The Wasp (or the Sheer Beauty of Accepting Yourself), screening at BFI London Film Festival, is a stunning, heartfelt, and powerful short film about what it means to be human in a world that far too often carries a sting in its tail.
Why do we hate wasps? Yes, they sting, and of course, they upset summer picnics by hounding us, but do they really deserve so much hate? After all, most of us love bees, yet the wasp is equally crucial ecologically. The truth is, we are irrational as human beings in what we like and what we dislike, from insects to foods, drinks, and, yes, even other people. There is often no rhyme or reason for why we discriminate or why we choose to hate, other than us feeling threatened, even if no threat exists.
Twentysomething, Frank Jasper, played by the wonderful Laurie Kynaston, has been feeling out of sorts lately and is convinced something is seriously wrong with him. But as Frank steps into the hospital consulting room, nothing could have prepared him for the diagnosis he is about to receive. Frank thinks he has cancer, but his doctor quickly jettisons that idea as he announces that Frank is 62% wasp. Dazed and confused, Frank questions the doctor’s diagnosis. After all, he is human, right? Not a wasp in a human’s body! But the diagnosis stands, and as Frank leaves the surgery with a prescription in hand to help him through the days ahead, he is hit by another revelation. People hate wasps!
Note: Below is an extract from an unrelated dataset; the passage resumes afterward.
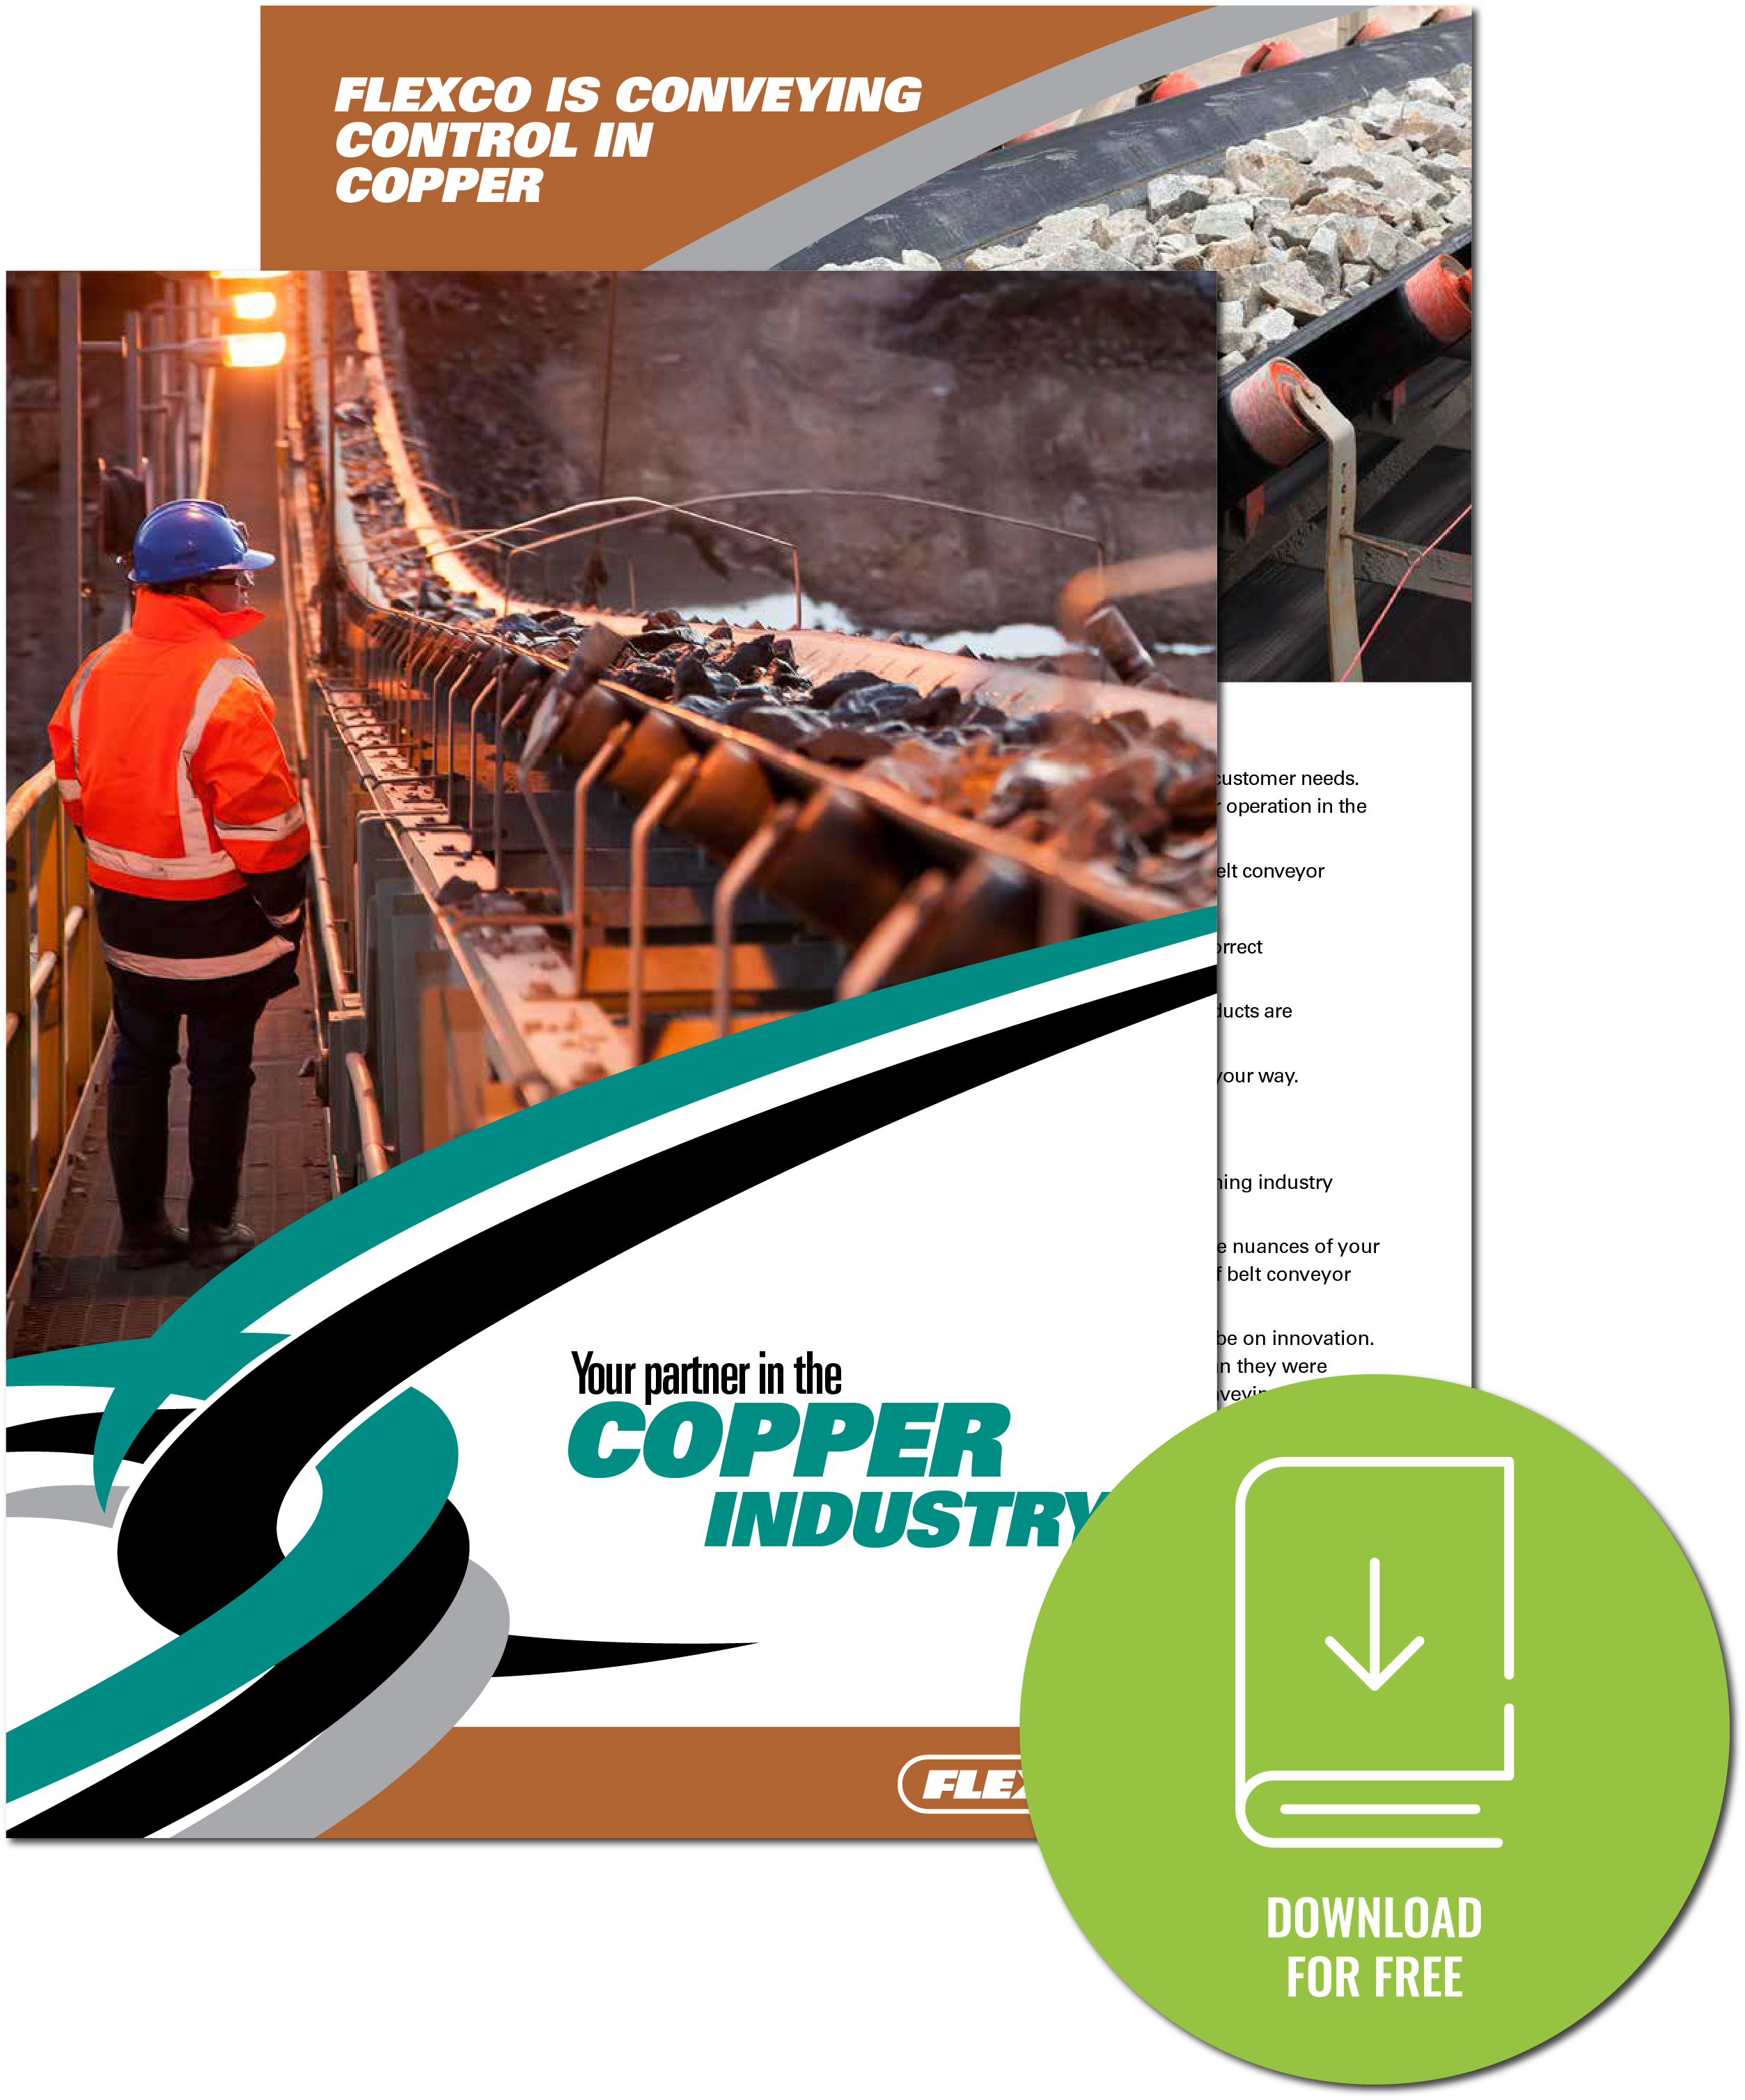 Your Partner in the copper industry flexco. Flexco is conveying control in copper - get the full eBook
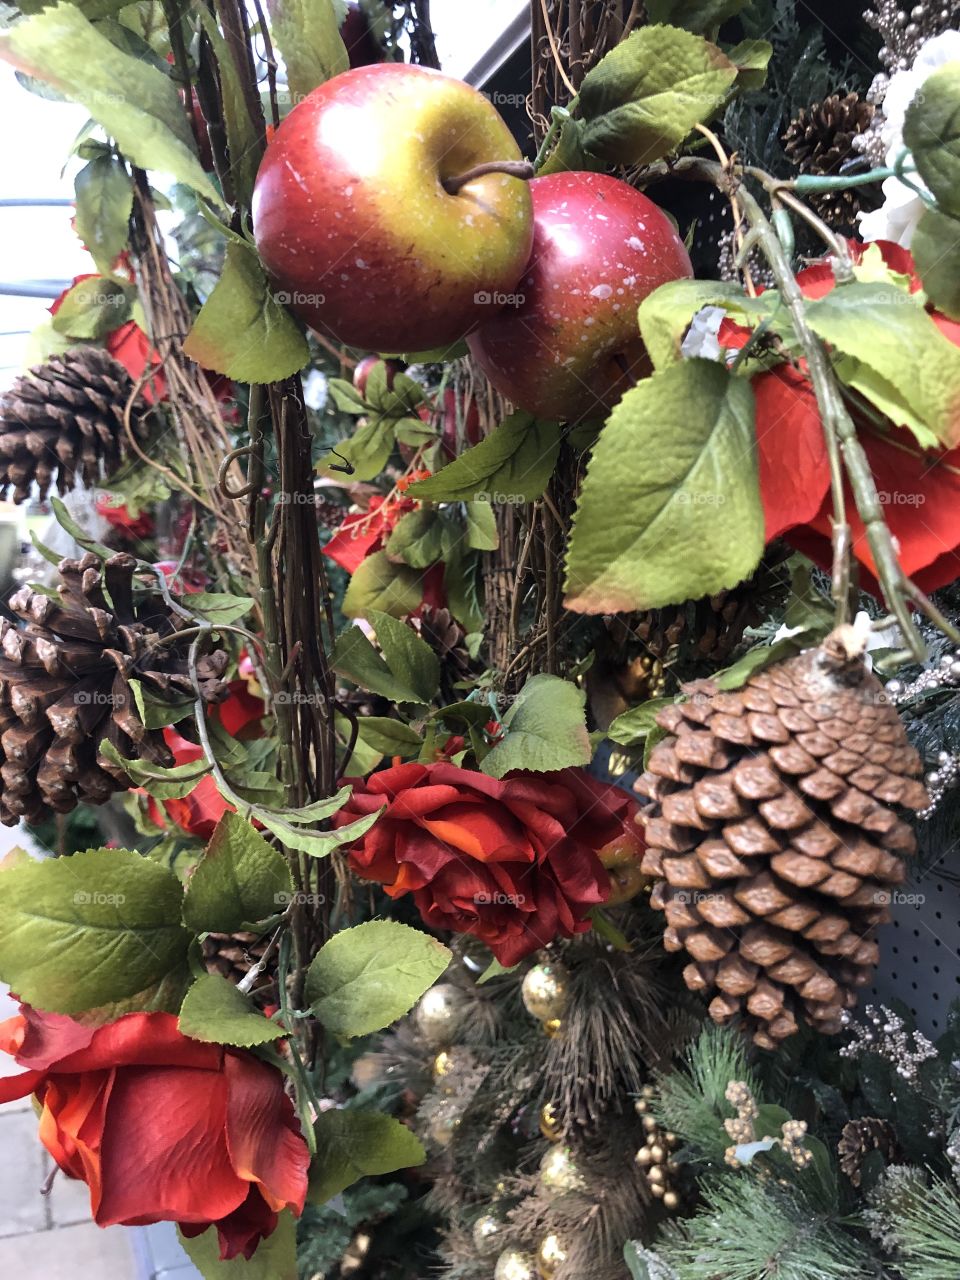 Another Christmas decoration which l think is enhanced with the addition of the roses red apples.

Why couldn’t Frank have been 62% otter, hell even 62% shark would have been preferable. As he stumbles around the hospital attempting to navigate the reality of his new condition, Frank encounters the hatred wasps face, and wonders whether he will ever be accepted or loved again. Even his prescription is a joke – a lollipop to feed his need for sugar! The question Frank faces is a challenging one: How do we learn to accept ourselves when the world rejects and ostracises us?
Held aloft by Laurie Kynaston’s electric performance and a stunning visual and auditory journey that sees Frank battle with his inner wasp as he attempts to find himself, Cass Virdee’s short film may, on first glance, appear to sit within the classic sci-fi fantasy genre. However, our journey alongside Frank is far more profound as Virdee explores what it means to feel ostracised and alone in a world that fears you, or rejects you due to difference.
Virdee’s short film speaks directly to the emotions, anger, and confusion that anyone who has felt isolated, judged, or alone has faced, whether through a mental health condition, a physical difference that others reject, or a part of themselves they cannot change but society shuns. Frank’s short journey is one many people have, or will, face at some point in their lives, as they feel there’s nowhere left to go and no hope for the future due to a difference they can’t control.
The Wasp (or the Sheer Beauty of Accepting Yourself) is about irrational fears that see people isolate others, pushing them further and further to the edges of society. It’s about the feelings of rejection and self-hate that far too many people suffer daily due to those irrational fears and isolating behaviours, as they question whether they are simply a pest in the eyes of a society that appears not to care. The Wasp (or the Sheer Beauty of Accepting Yourself) is a stunning, heartfelt and powerful exploration of what it means to be human, in a world that far too often carries a sting in its tail.
The Wasp (or the Sheer Beauty of Accepting Yourself) is screening at the BFI London Film Festival in the Are You Kidding? Short Film Collection.